● **TASK GOAL**:
Return the complete listing exactly as it reads, with each picture removed.

*** Opening of INPUT DATA ***

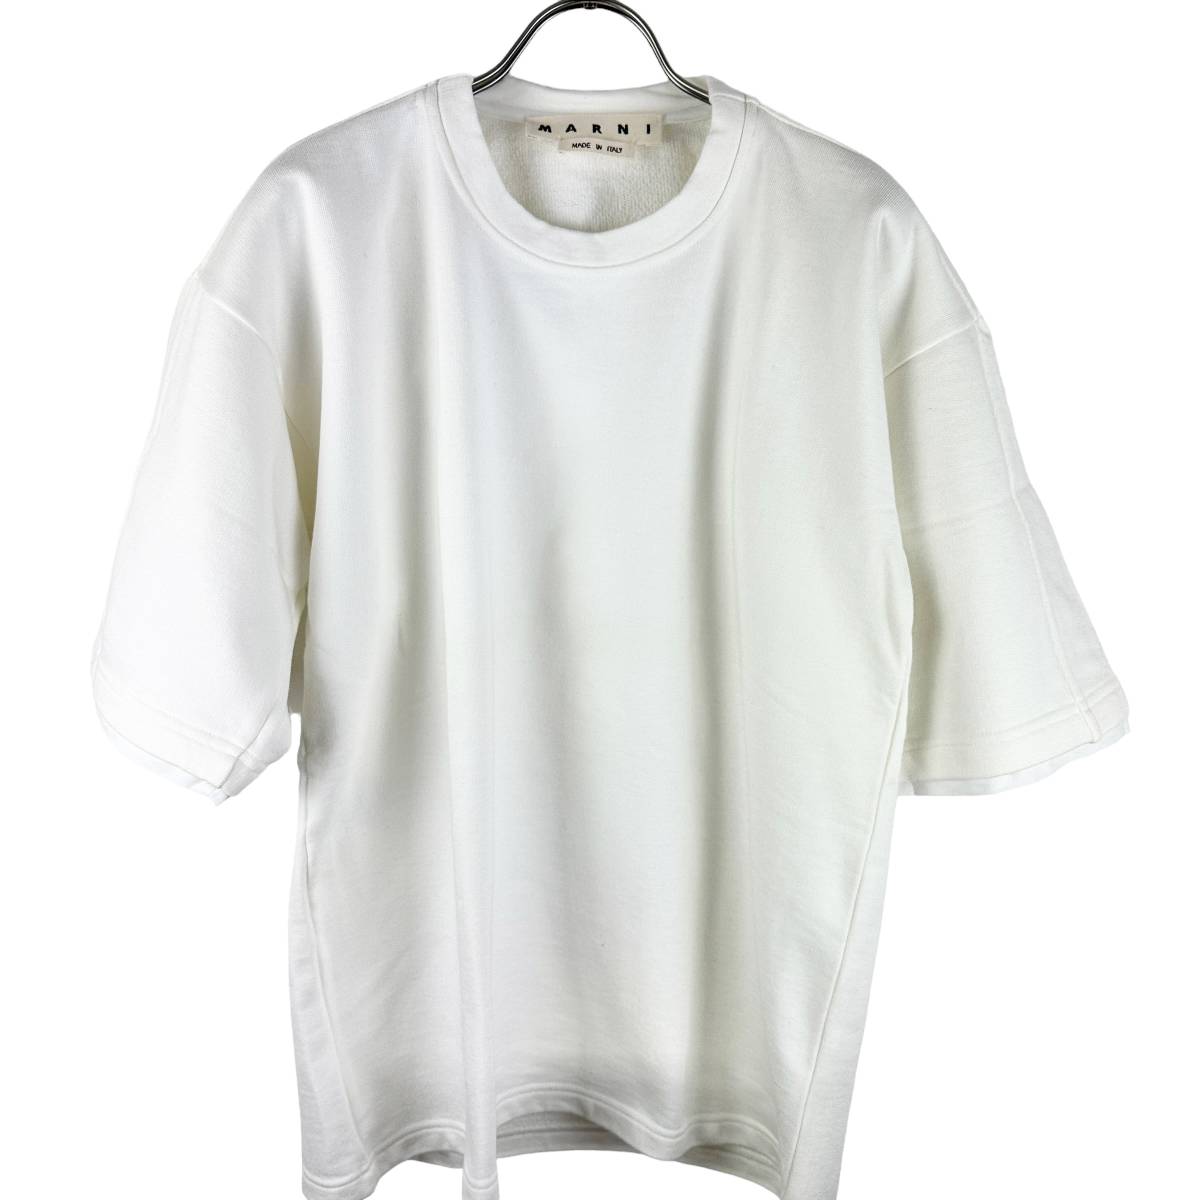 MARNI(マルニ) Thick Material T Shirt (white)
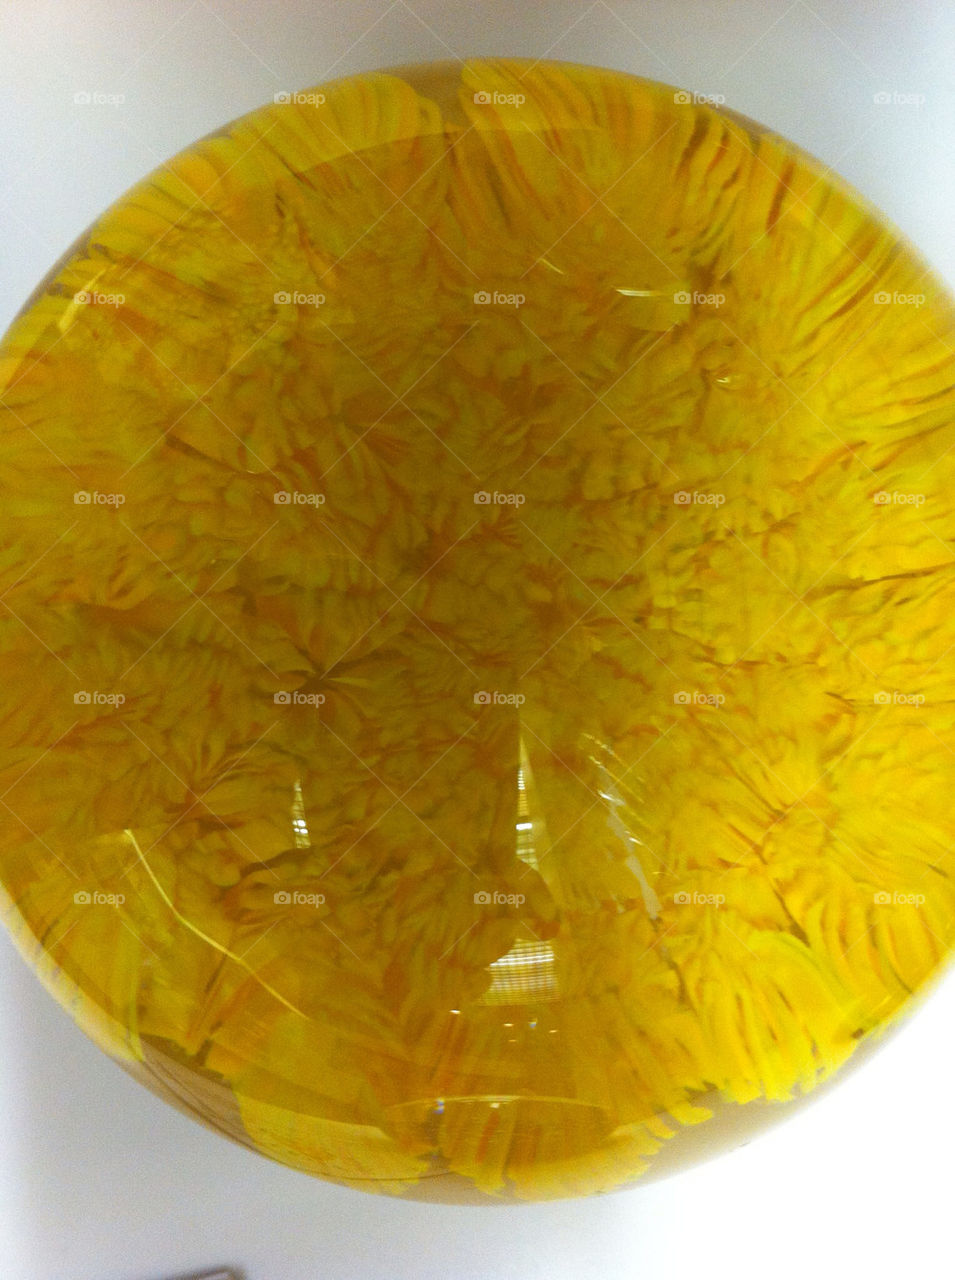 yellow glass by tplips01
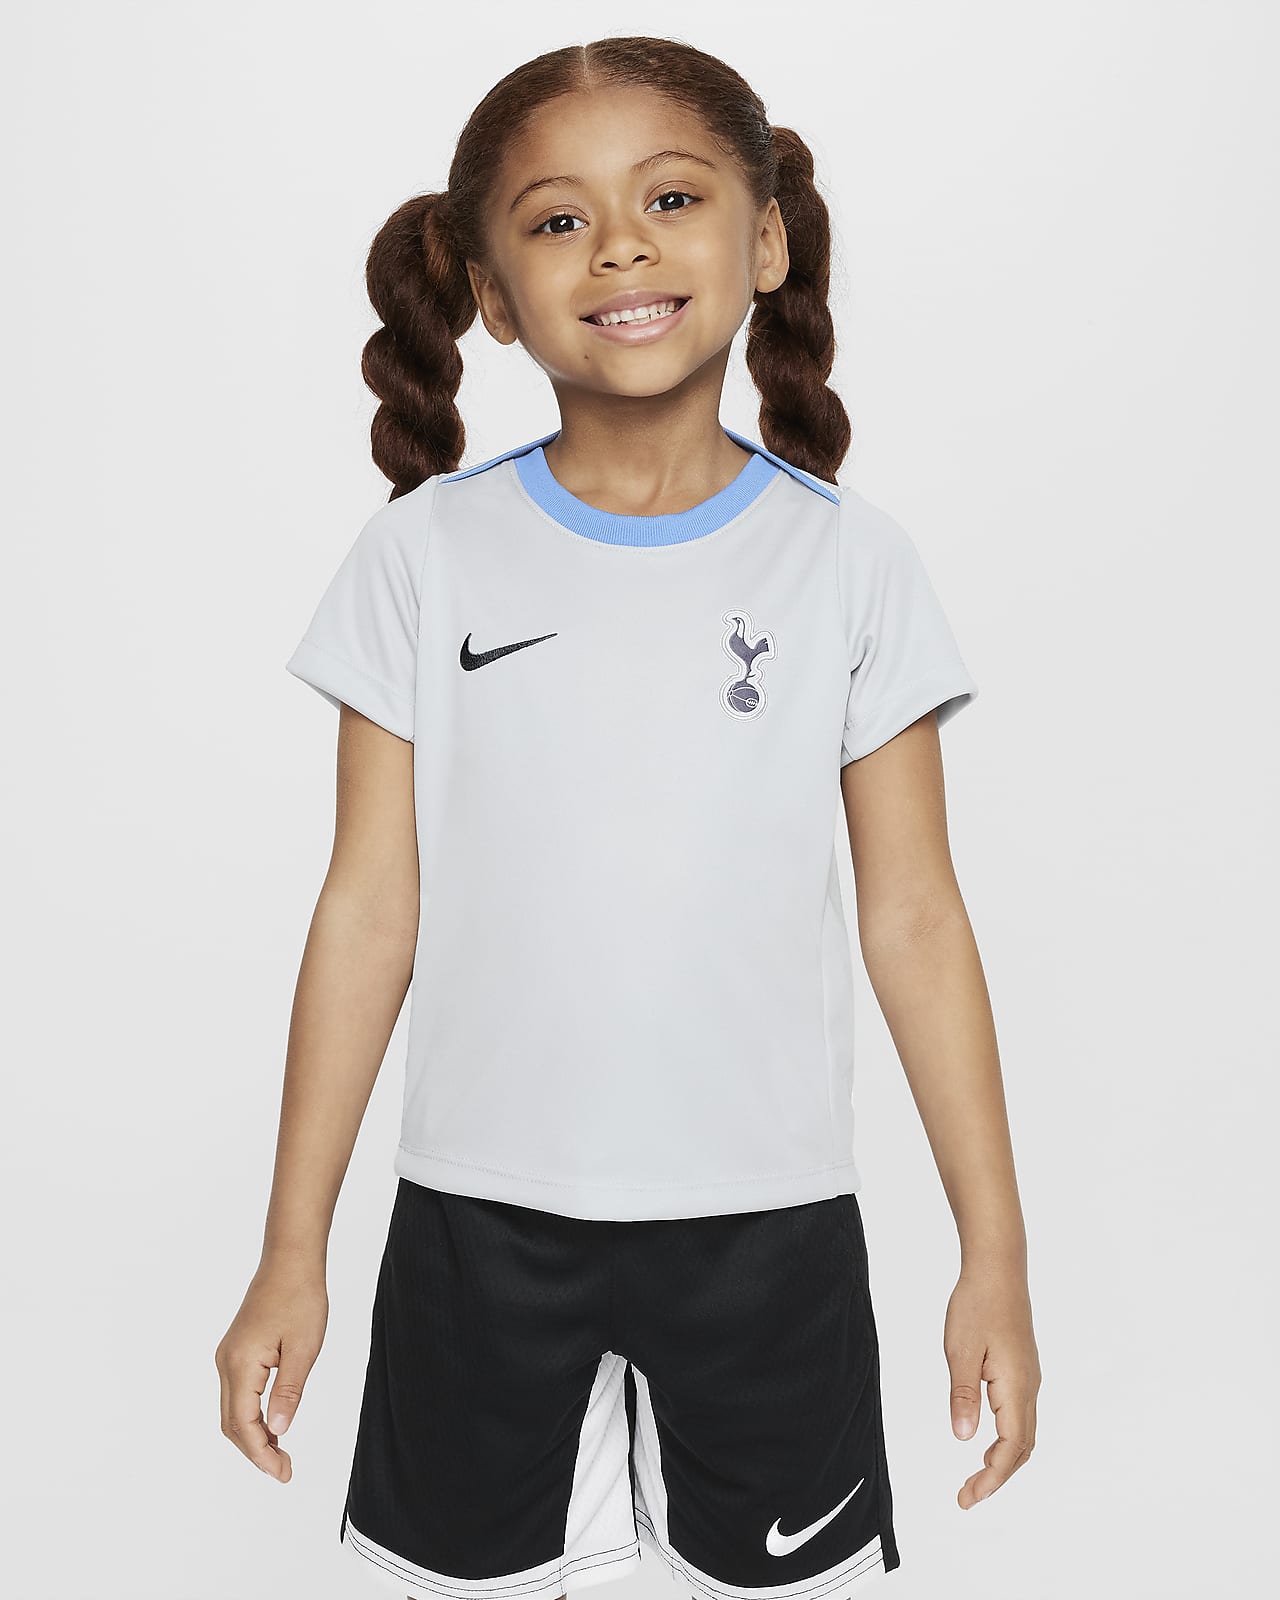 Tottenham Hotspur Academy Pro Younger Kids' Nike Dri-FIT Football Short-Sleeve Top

*** Close of INPUT DATA ***

● **TASK RESULT**:
 MARNI(マルニ) Thick Material T Shirt (white)
 yellow glass by tplips01
 Tottenham Hotspur Academy Pro Younger Kids' Nike Dri-FIT Football Short-Sleeve Top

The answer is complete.